Founder of the Partito Nazionale
Fortunato was born in Valletta, the son of Magistrate Francesco Mizzi and Maria Antonia née Galea. He graduated LLD from the UM on 5 August 1865. He was president of various social and voluntary organizations and of the Chamber of Advocates.
Mizzi is best remembered as a politician. He was inspired by the need for a liberal constitution for Malta, the defence of the Roman Catholic Religion, and the assertion of the Latin and European culture of his people.
In 1880 Mizzi founded the Anti-Reformist Party which soon became known as the Partito Nazionale to oppose the Royal Commissions of Sir Penrose Julyan and Patrick Keenan, who inquired into the civil establishment and the educational system respectively. The Mizzi group maintained that the reforms suggested by the commissioners were aimed primarily at safeguarding the interests of the British government.

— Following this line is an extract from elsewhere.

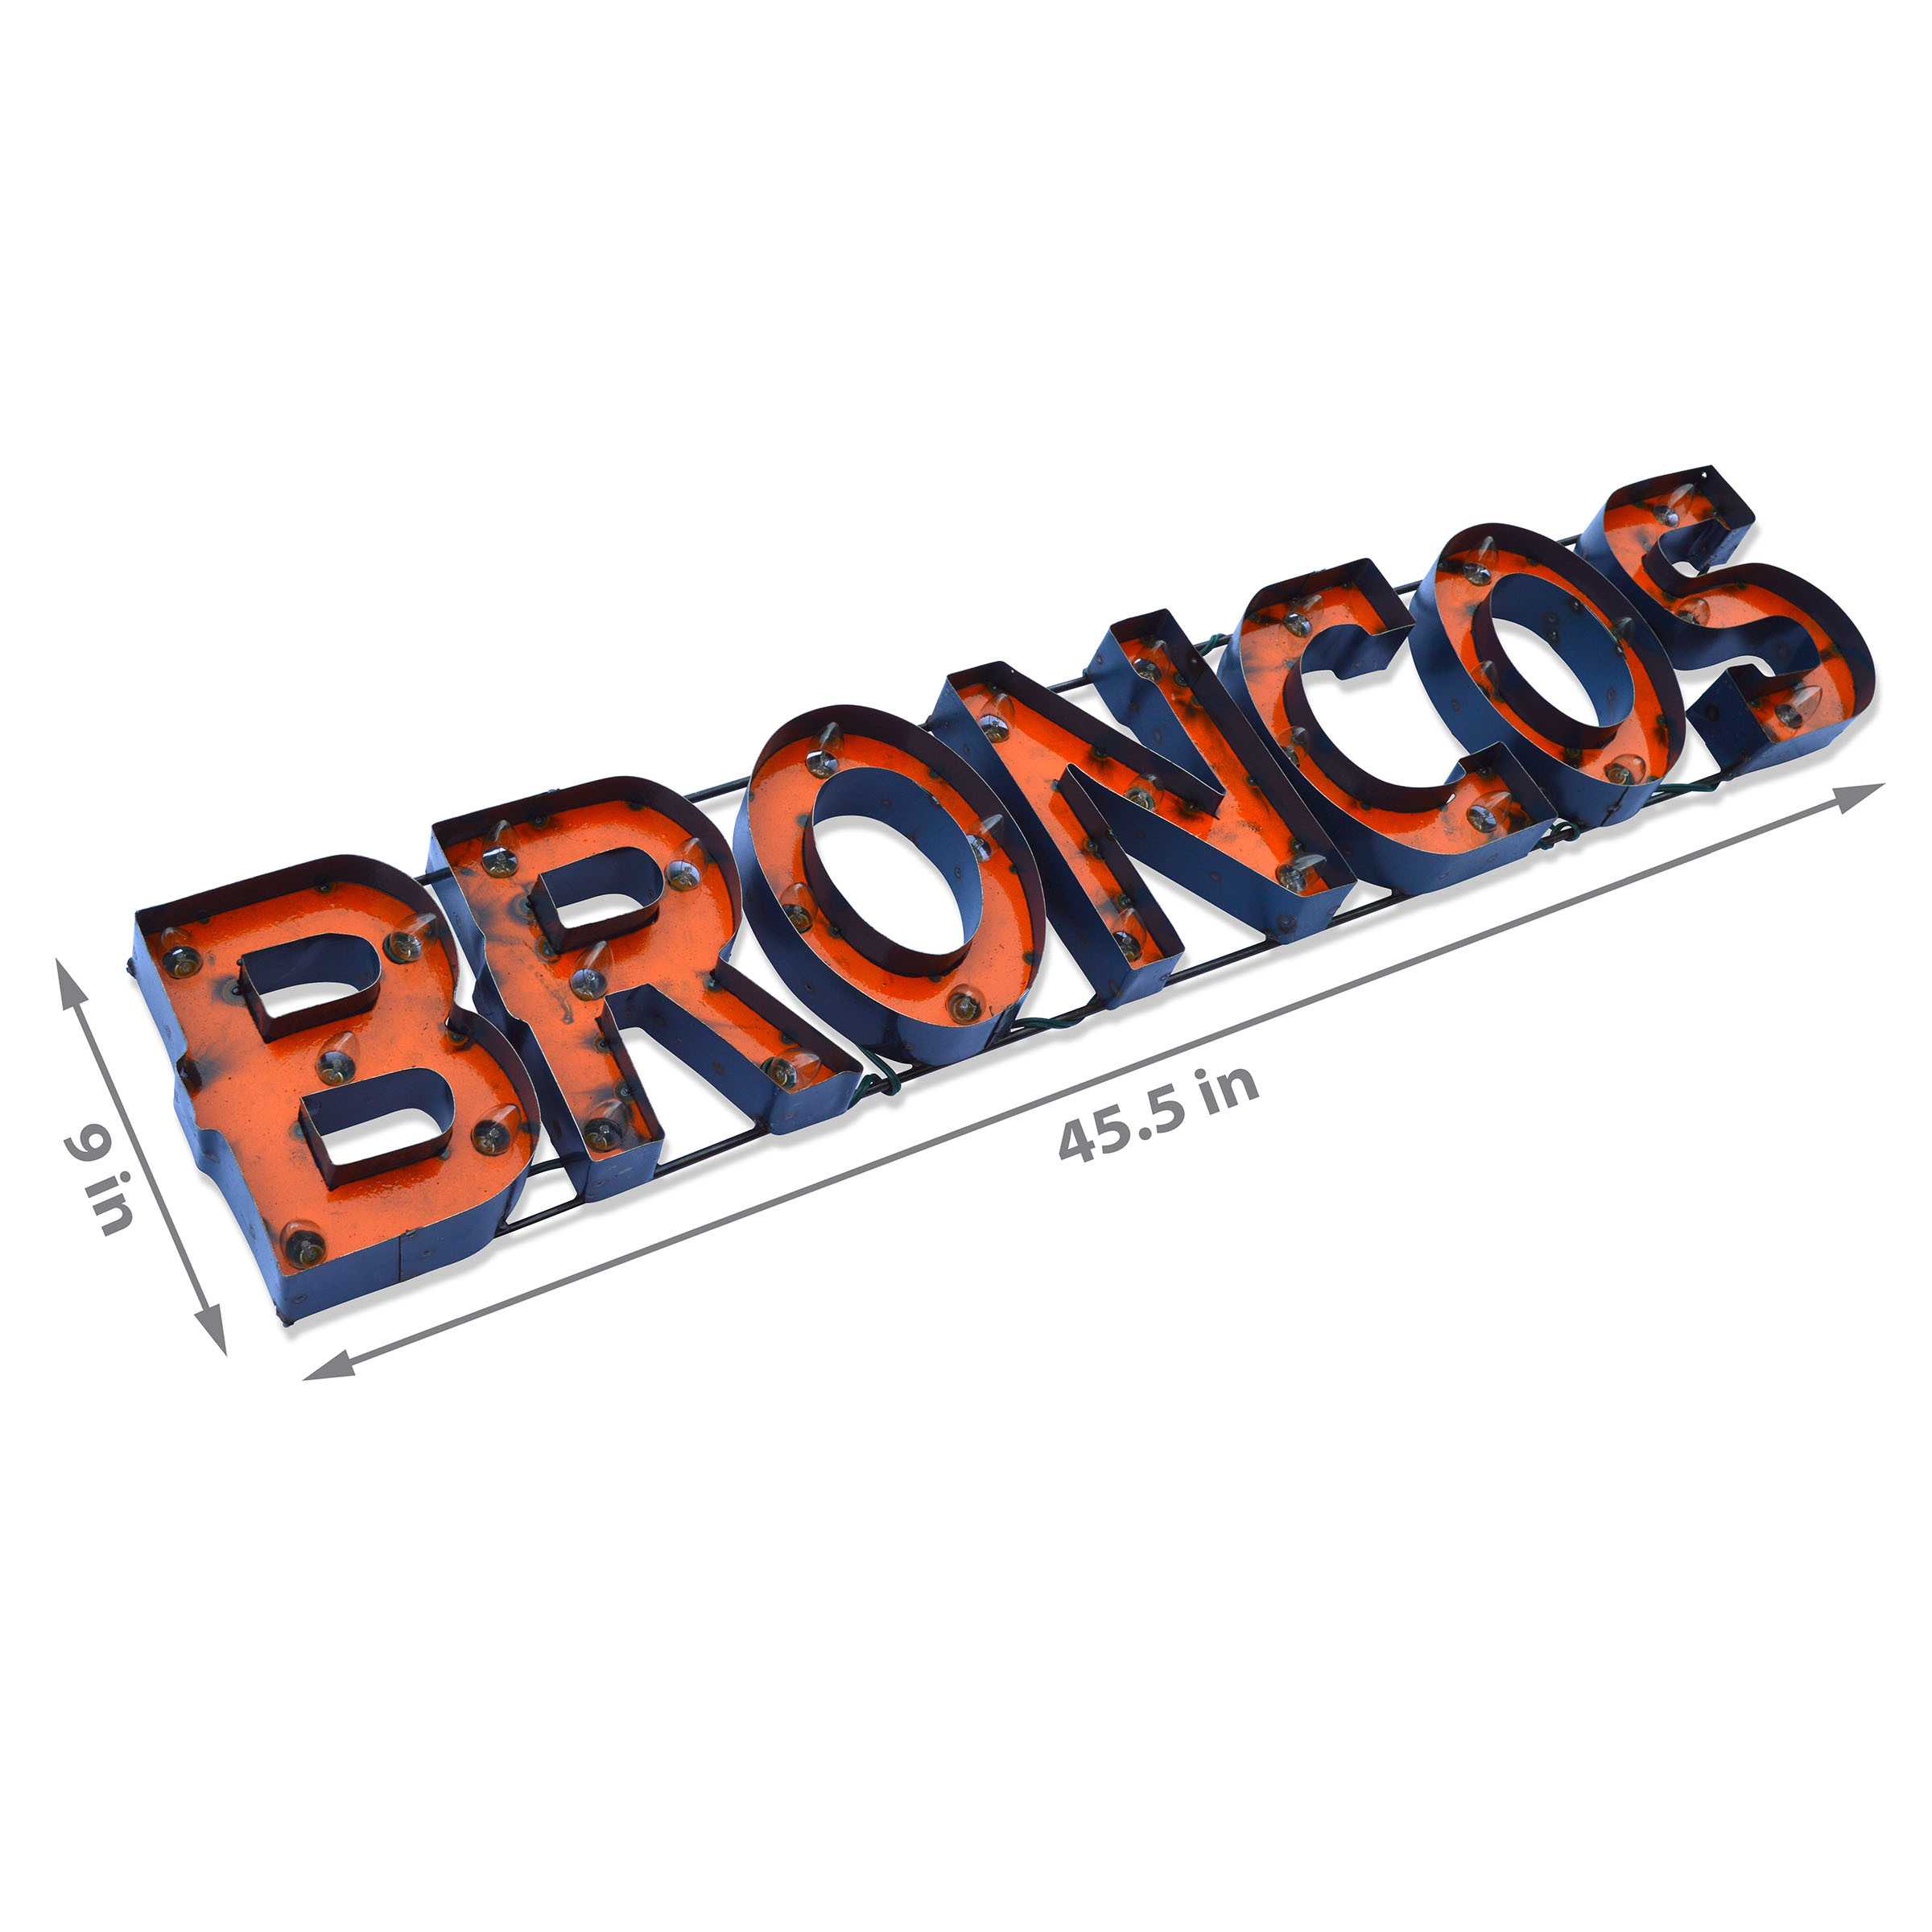 Denver Broncos Lighted Recycled Metal Sign

He successfully contested the elections for the Council of Government held in 1880, 1883 and 1888. Because of his declining health, he retired from politics, but later gave in to a plebiscitary appeal by Gozitans to stand as their candidate in the 1898, 1899, 1900 and 1904.
In 1899 Salvatore Cachia Zammit accompanied Mizzi to London when a petition for constitutional reform was submitted to the British government (A Statement of Claims and Grievances of the Maltese).

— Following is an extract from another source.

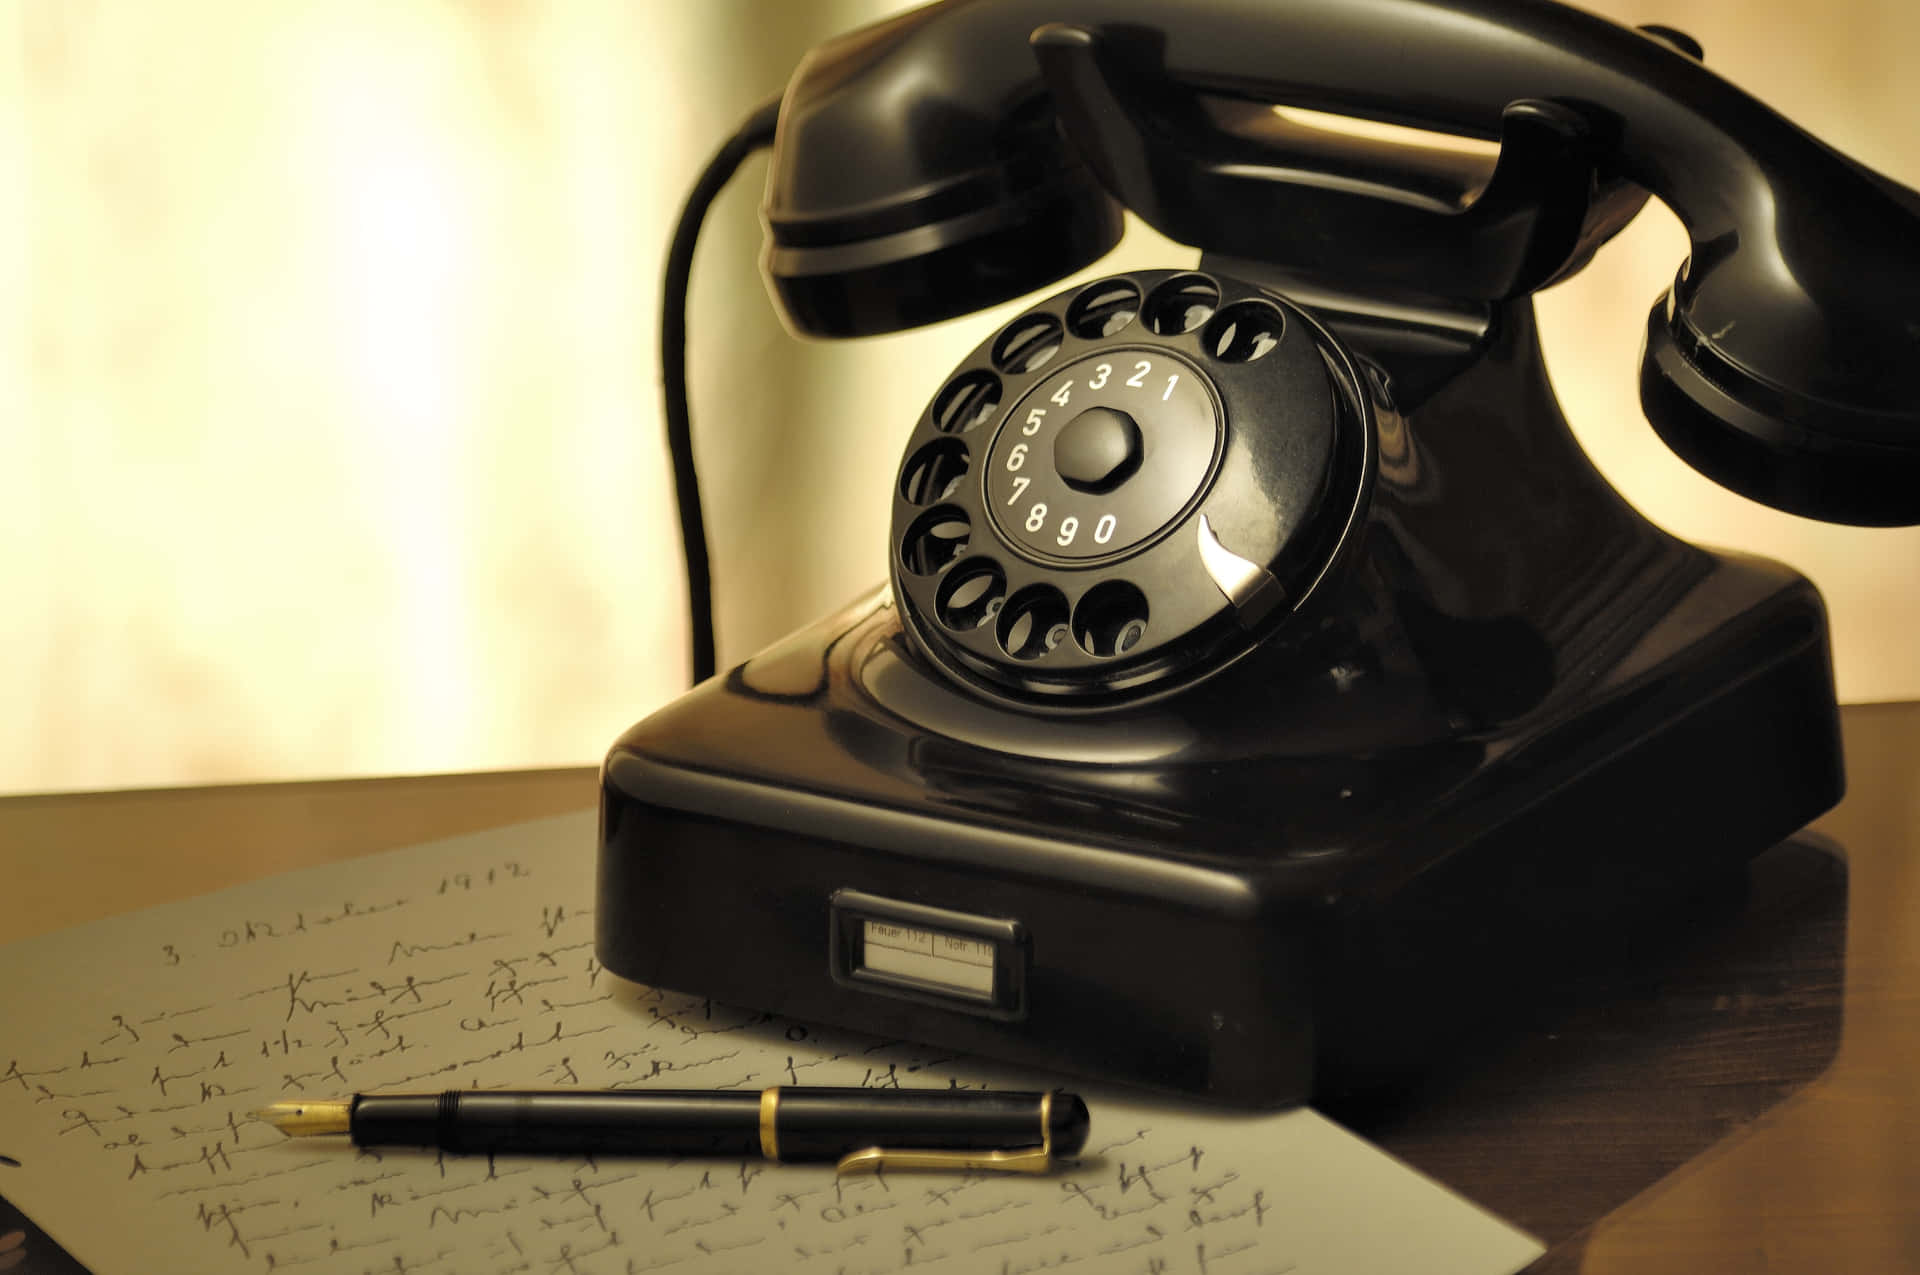 Vintage Telephoneand Penon Desk.jpg Wallpaper

In 1905 Mizzi was elected president of the newly-formed Associazione Politica Maltese, which office he held for a short time due to his sudden death.
Mizzi also distinguished himself as a journalist - he had a powerful and penetrating pen. In 1883 he founded the Italian daily Malta.
Fortunato Mizzi married Maria Sofia Foliero de Luna from Marseilles, France on 22 July 1871. Among their many children, Dr Enrico Mizzi was the most conspicuous as a politican leader, protagonist and Prime Minister during the first half of the twentieth century.